El dueño de casa nos esperaba despierto con una cara de felicidad infinita, igual que la empleada que nos sirvió a más velocidad que un fast food sus malfatti caseritos, igualitos a los que hace mi mujercita. Tanto que a los cinco minutos las dos estaban comparando recetas. Así llegaron a la conclusión de que la diferencia era el agua, porque la napa en el campo no tiene ni punto de comparación con el agua de la gran ciudad. Ahí yo iba a introducir el tema del agua mineral, pero preferí irme a dormir.

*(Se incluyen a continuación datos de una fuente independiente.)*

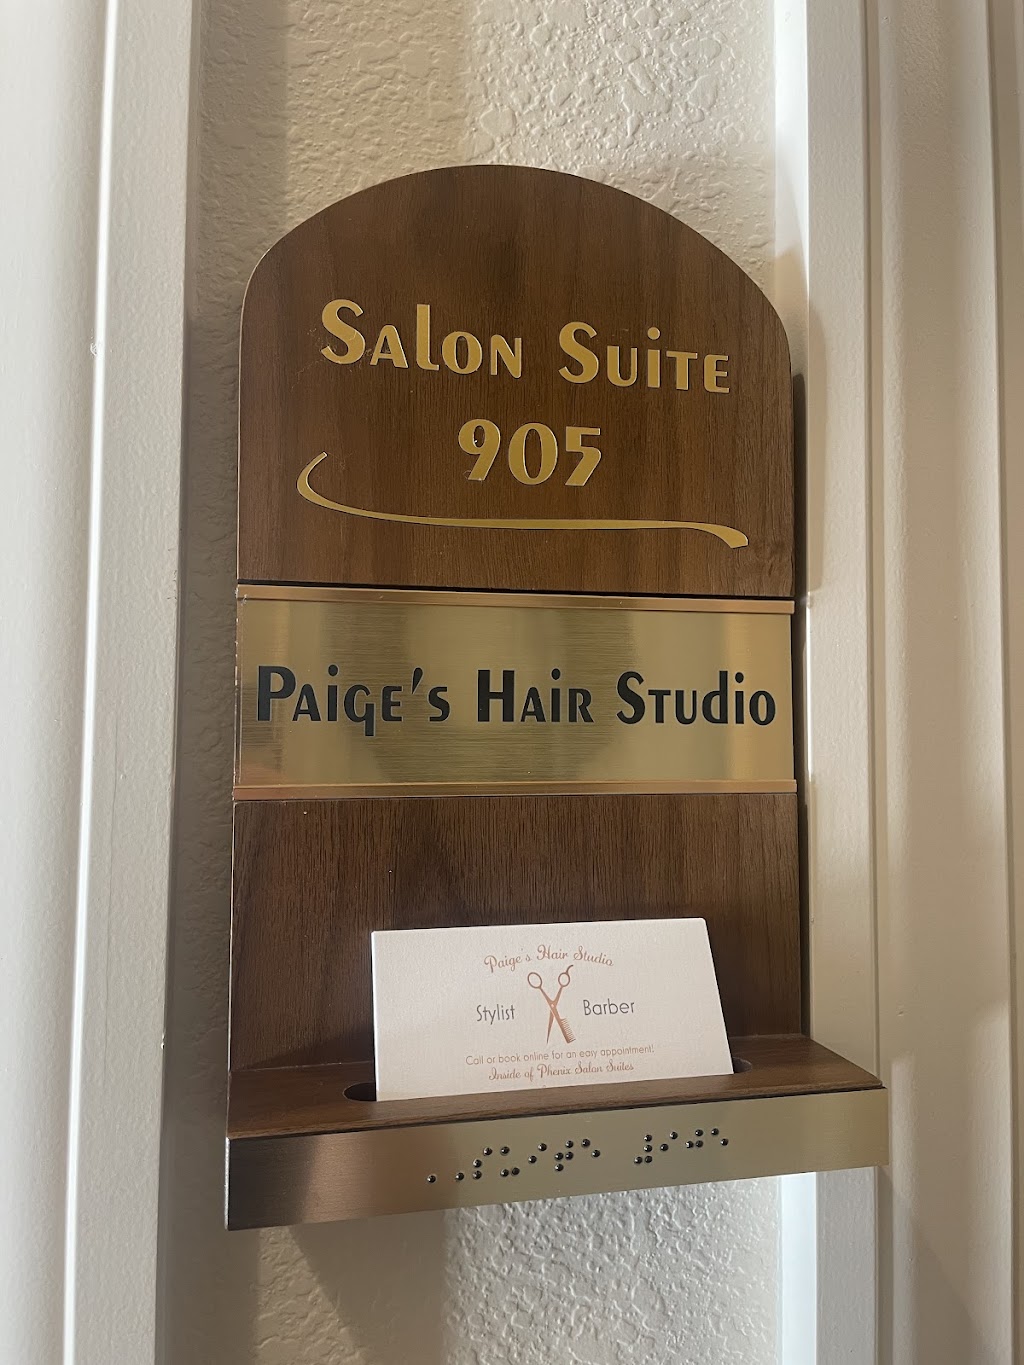 Paige’s Hair Studio | Phenix Salon Suites, 980 Shrewsbury Ave Suite 905, Tinton Falls, NJ 07724 | Phone: (908) 601-3759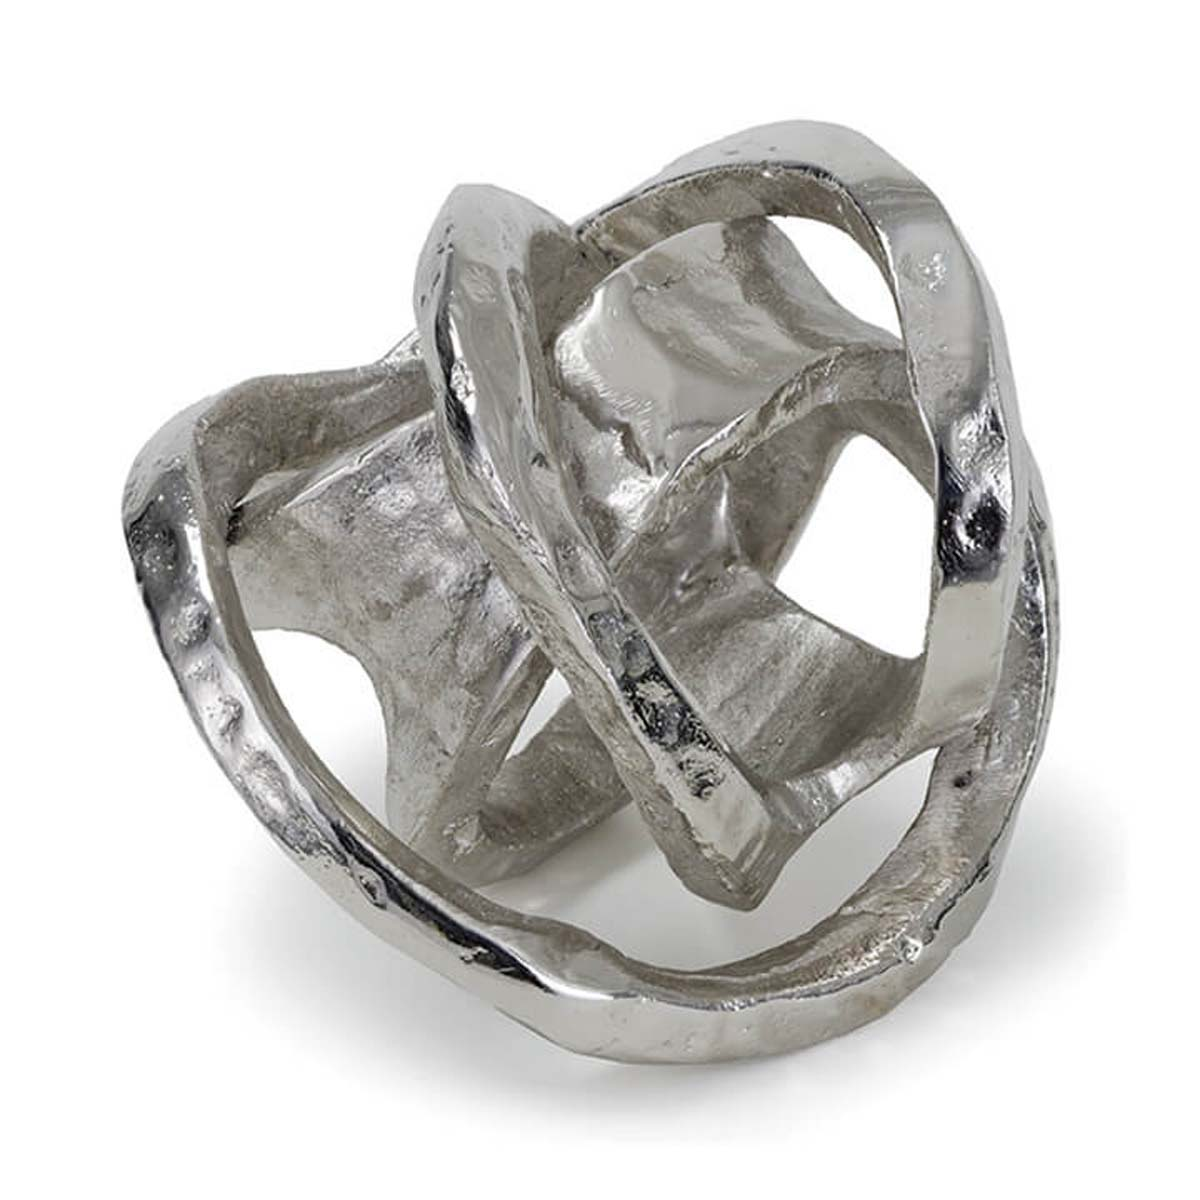 Regina Andrew Metal Knot (Polished Nickel)

En mi habitación, a metros de la de mi anfitrión, nos esperaba una finísima cama de no sé cuál de sus ancestros, con chirrido centenario y colchón de lana como –gracias a Dios– ya no se consigue en ningún lado. A la medianoche se apagó el motor de la luz, me desvelé buscando los fósforos para encender la vela que me habían dado y finalmente terminé de despertarme cuando me tragué todas las paredes que había camino al baño.
Conclusión: cuando mi mujer me despertó para ver el amanecer y salir de cabalgata, le dije: "mi amor, ¿no te ofendés?" ¿Hacemos como los sábados a la mañana que vos te levantás y yo me quedo durmiendo? Para aprovechar…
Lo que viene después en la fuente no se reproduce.